Чахотка такая болезнь; это не горячка. Тут до последней минуты человек надеется
и говорит, что здоров. Сам себя тешит. А хозяйке-то и выгодно. Не беспокойся,
это так; душу, значит, продала, а к тому же деньги должна, значит и пикнуть не
смеешь. А умирать будешь, все тебя бросят, все отвернутся, — потому, что с тебя
тогда взять? Еще тебя же попрекнут, что даром место занимаешь, не скоро
помираешь. Пить не допросишься, с ругательством подадут: «Когда, дескать, ты,
подлячка, издохнешь; спать мешаешь стонешь, гости брезгают». Это верно; я сам
подслушал такие слова. Сунут тебя, издыхающую, в самый смрадный угол в подвале,
— темень, сырость; что ты, лежа-то одна, тогда передумаешь? Помрешь, — соберут
наскоро, чужой рукой, с ворчаньем, с нетерпением, — никто-то не благословит
тебя, никто-то не вздохнет по тебе, только бы поскорей тебя с плеч долой. Купят
колоду, вынесут, как сегодня ту, бедную, выносили, в кабак поминать пойдут. В
могиле слякоть, мразь, снег мокрый, — не для тебя же церемониться? «Спущай-ка
ее, Ванюха; ишь ведь „учась“ и тут верх ногами пошла, таковская. Укороти
веревки-то, пострел». — «Ладно и так». — «Чего ладно? Ишь на боку лежит.

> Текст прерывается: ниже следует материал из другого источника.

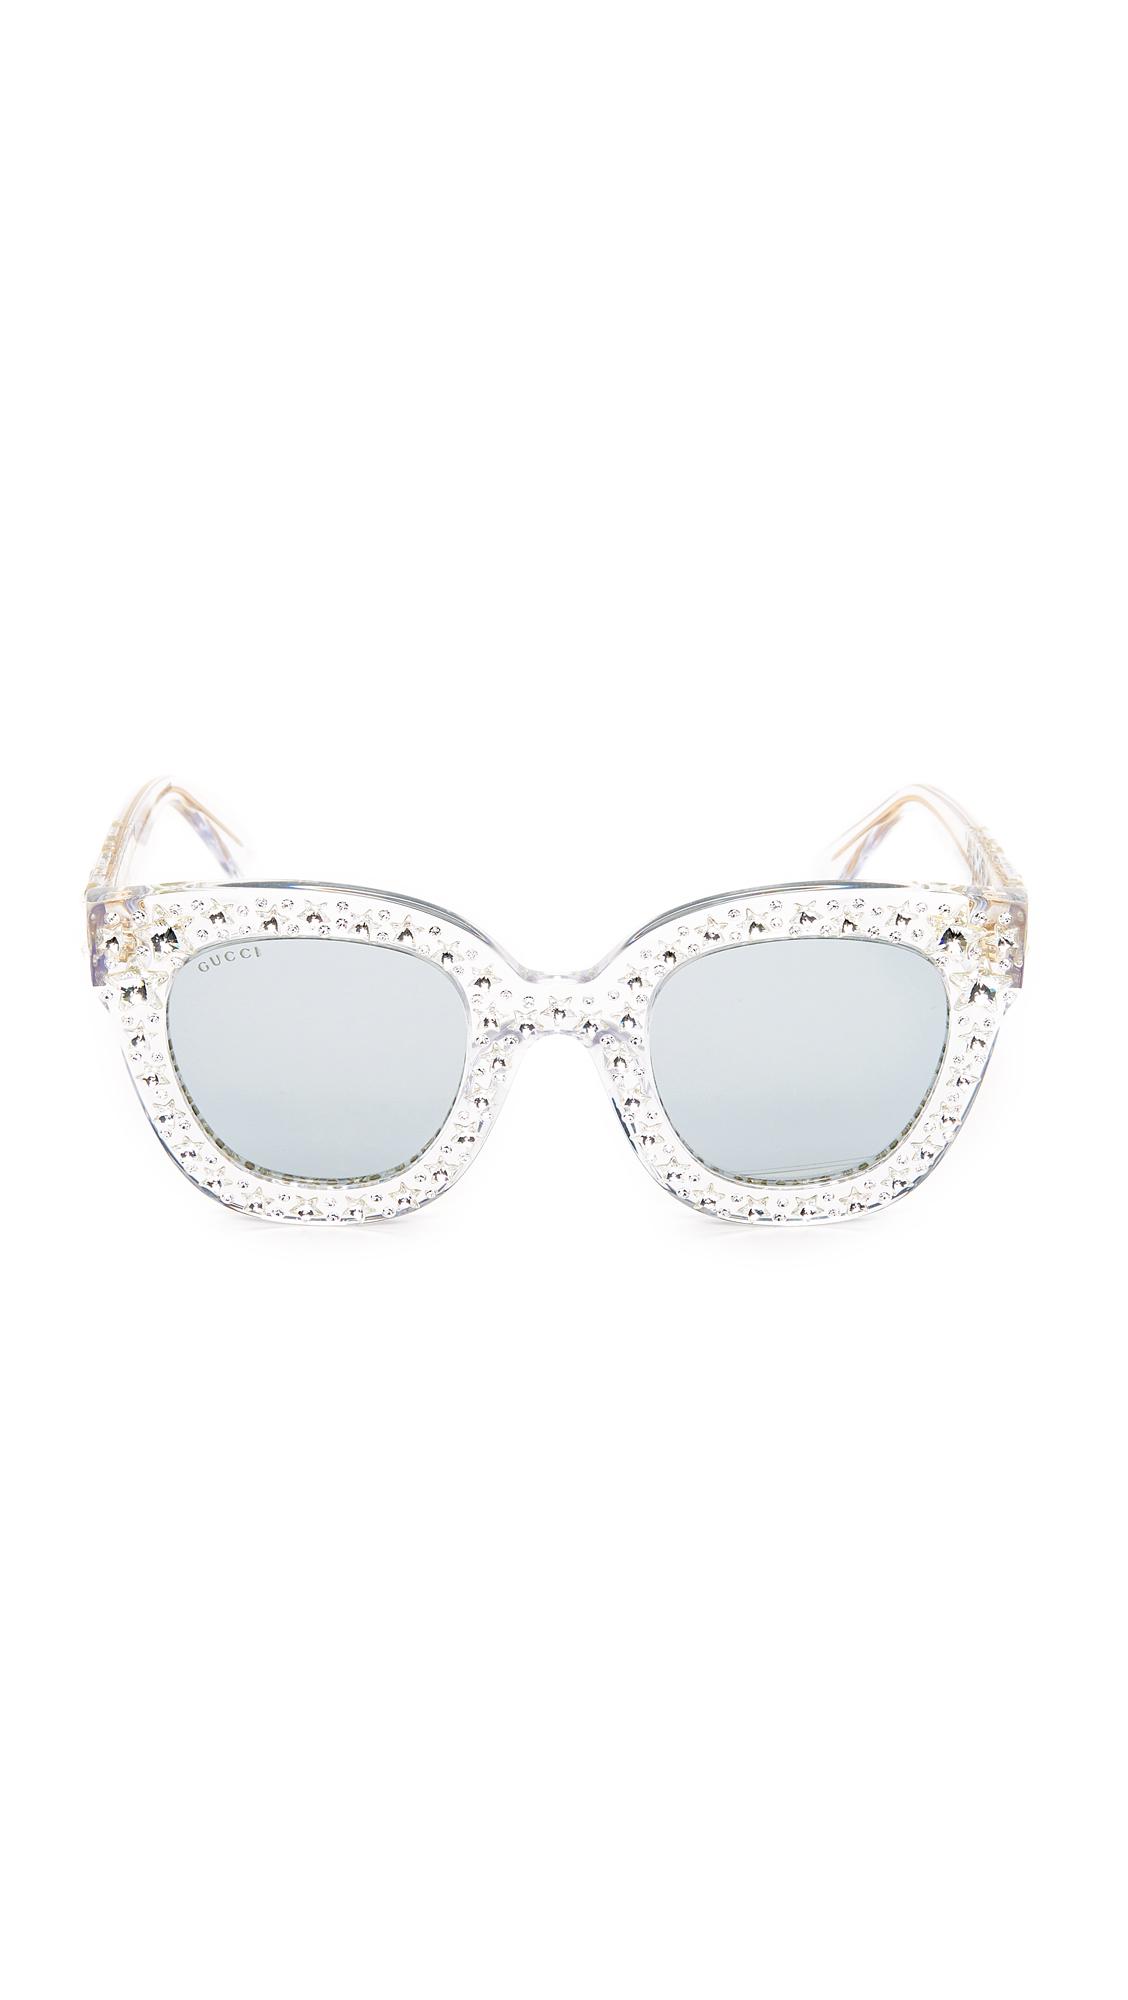 7fc8d07daa Gucci Swarovski Crystal Square Sunglasses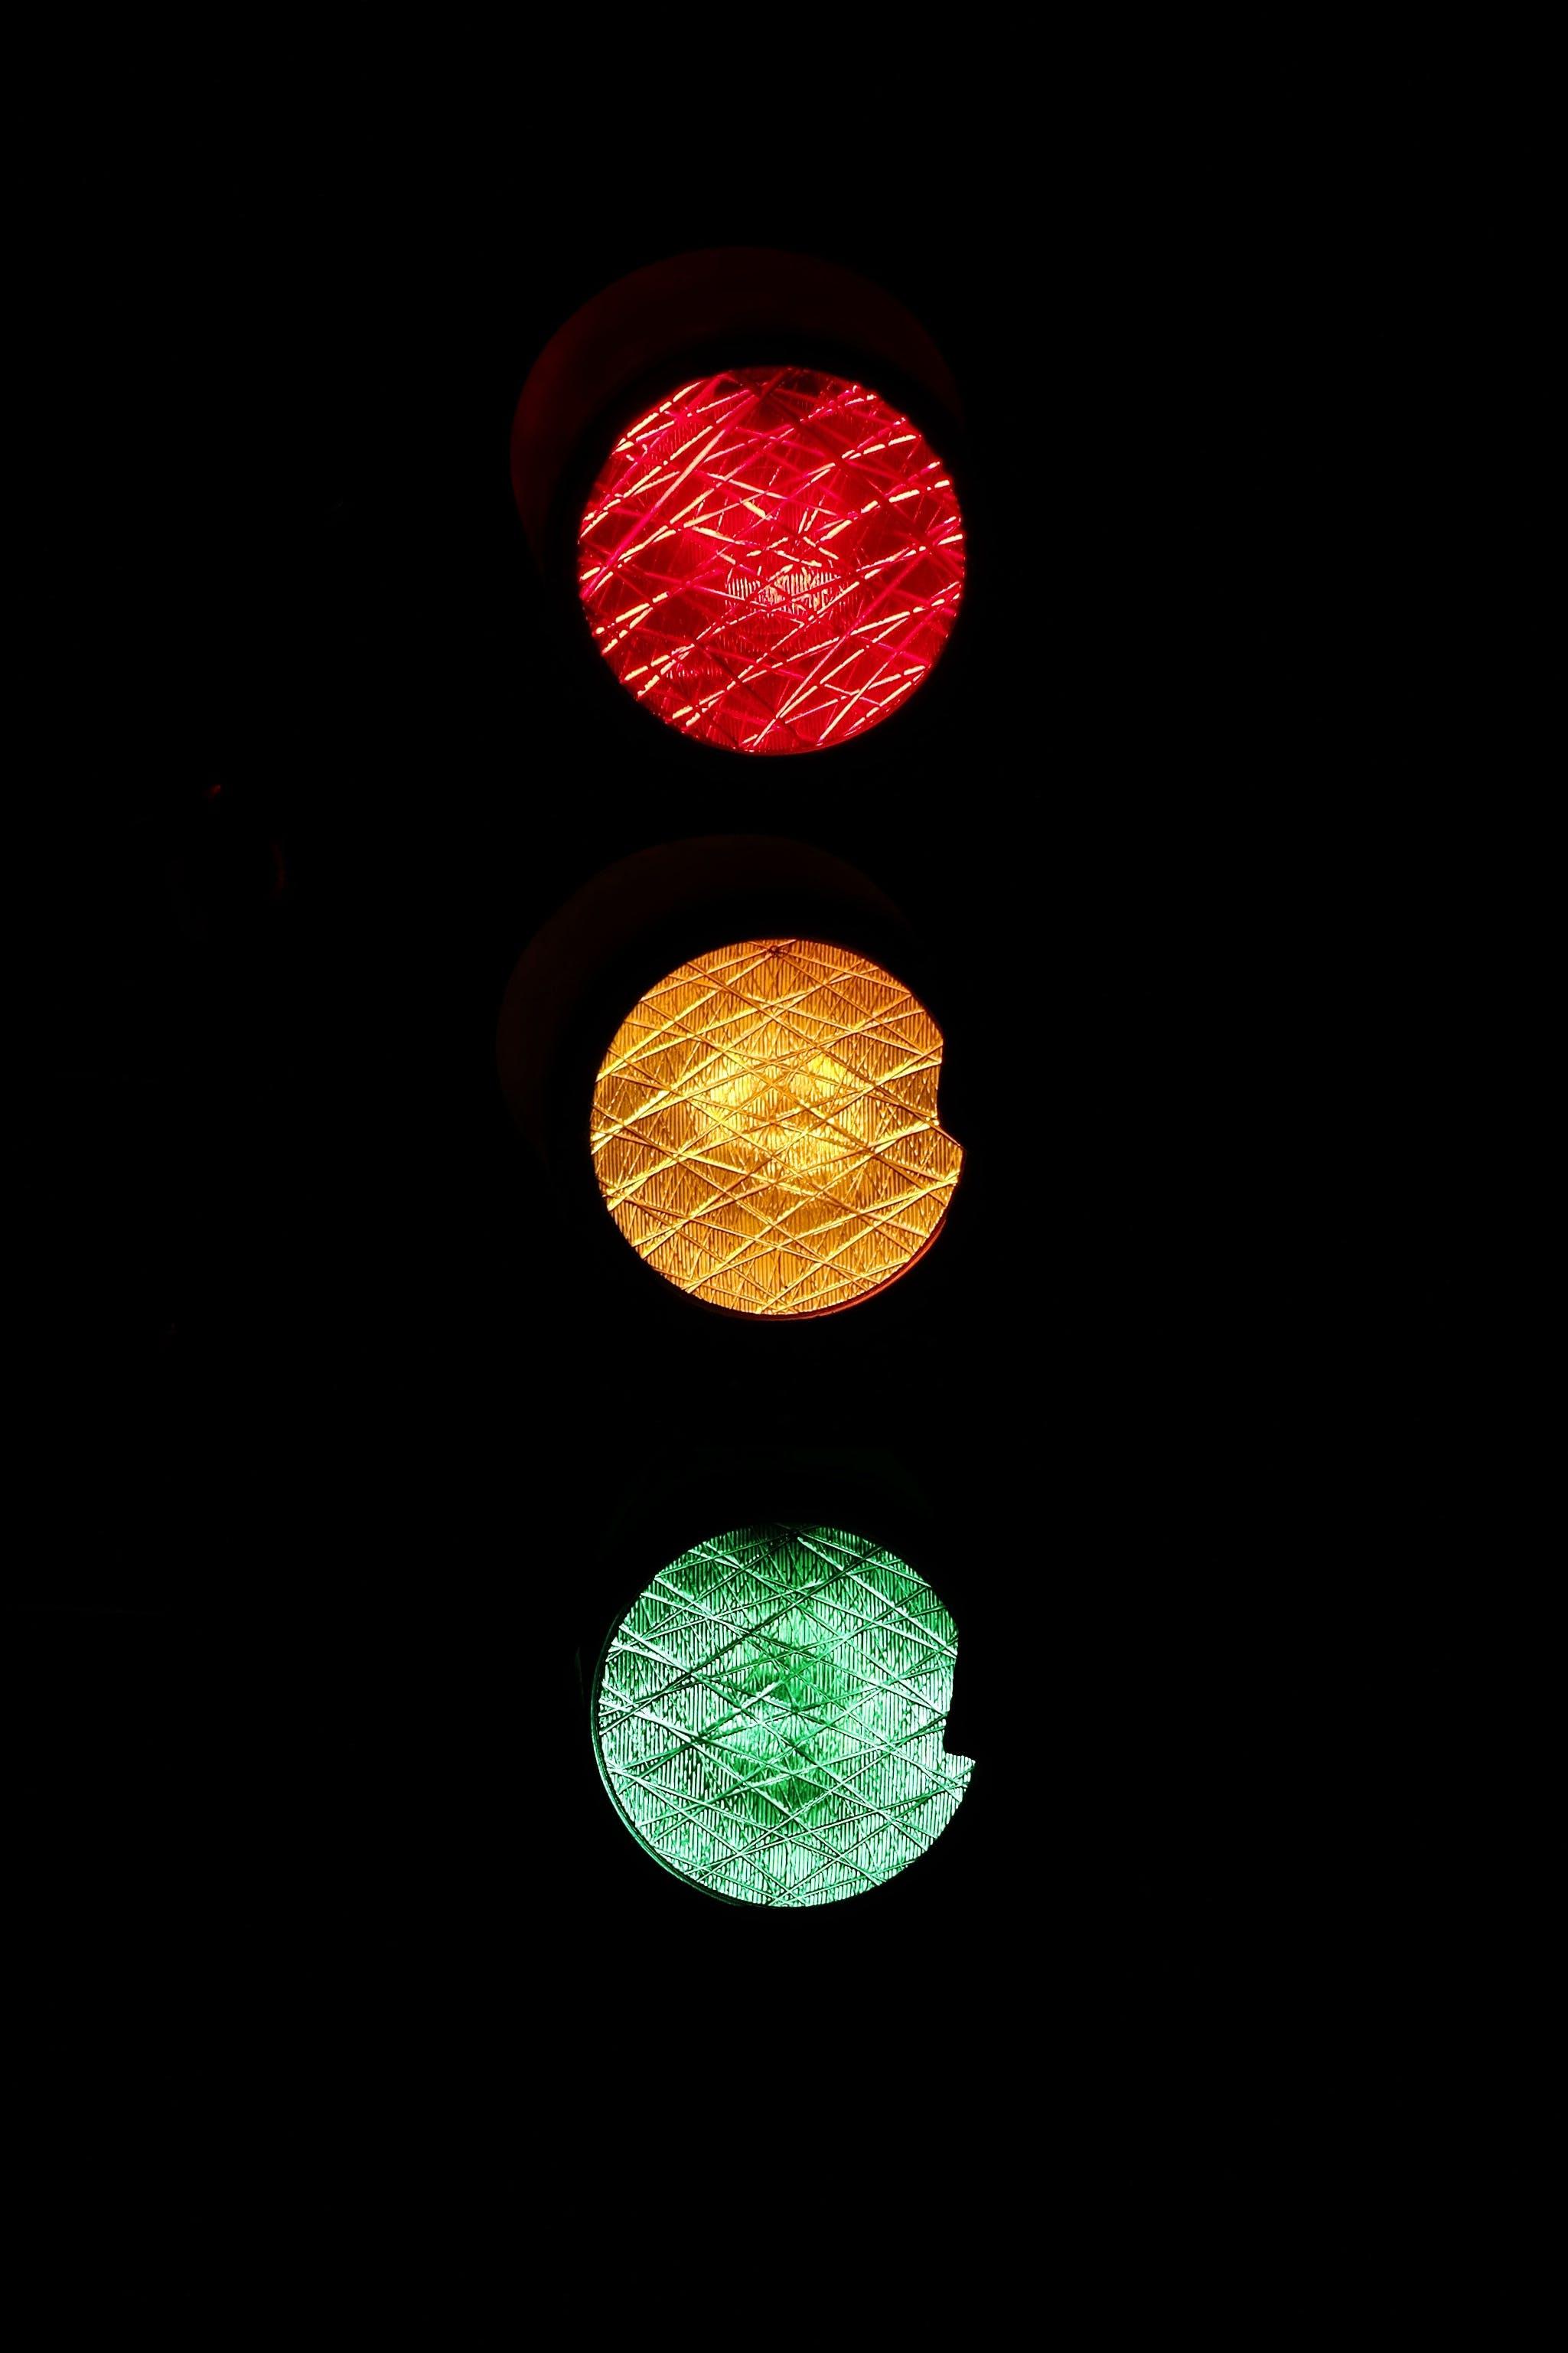 lys, lyssignal, rødt lys

Человек тоже был али нет? Ну да ладно, засыпай». И ругаться-то из-за тебя долго
не захотят. Засыплют поскорей мокрой синей глиной и уйдут в кабак… Тут и конец
твоей памяти на земле; к другим дети на могилу ходят, отцы, мужья, а у тебя —
ни слезы, ни вздоха, ни поминания, и никто-то, никто-то, никогда в целом мире
не придет к тебе; имя твое исчезнет с лица земли — так, как бы совсем тебя
никогда не бывало и не рождалось! Грязь да болото, хоть стучи себе там по
ночам, когда мертвецы встают, в гробовую крышу: «Пустите, добрые люди, на свет
пожить! Я жила — жизни не видала, моя жизнь на обтирку пошла; ее в кабаке на
Сенной пропили; пустите, добрые люди, еще раз на свете пожить!..»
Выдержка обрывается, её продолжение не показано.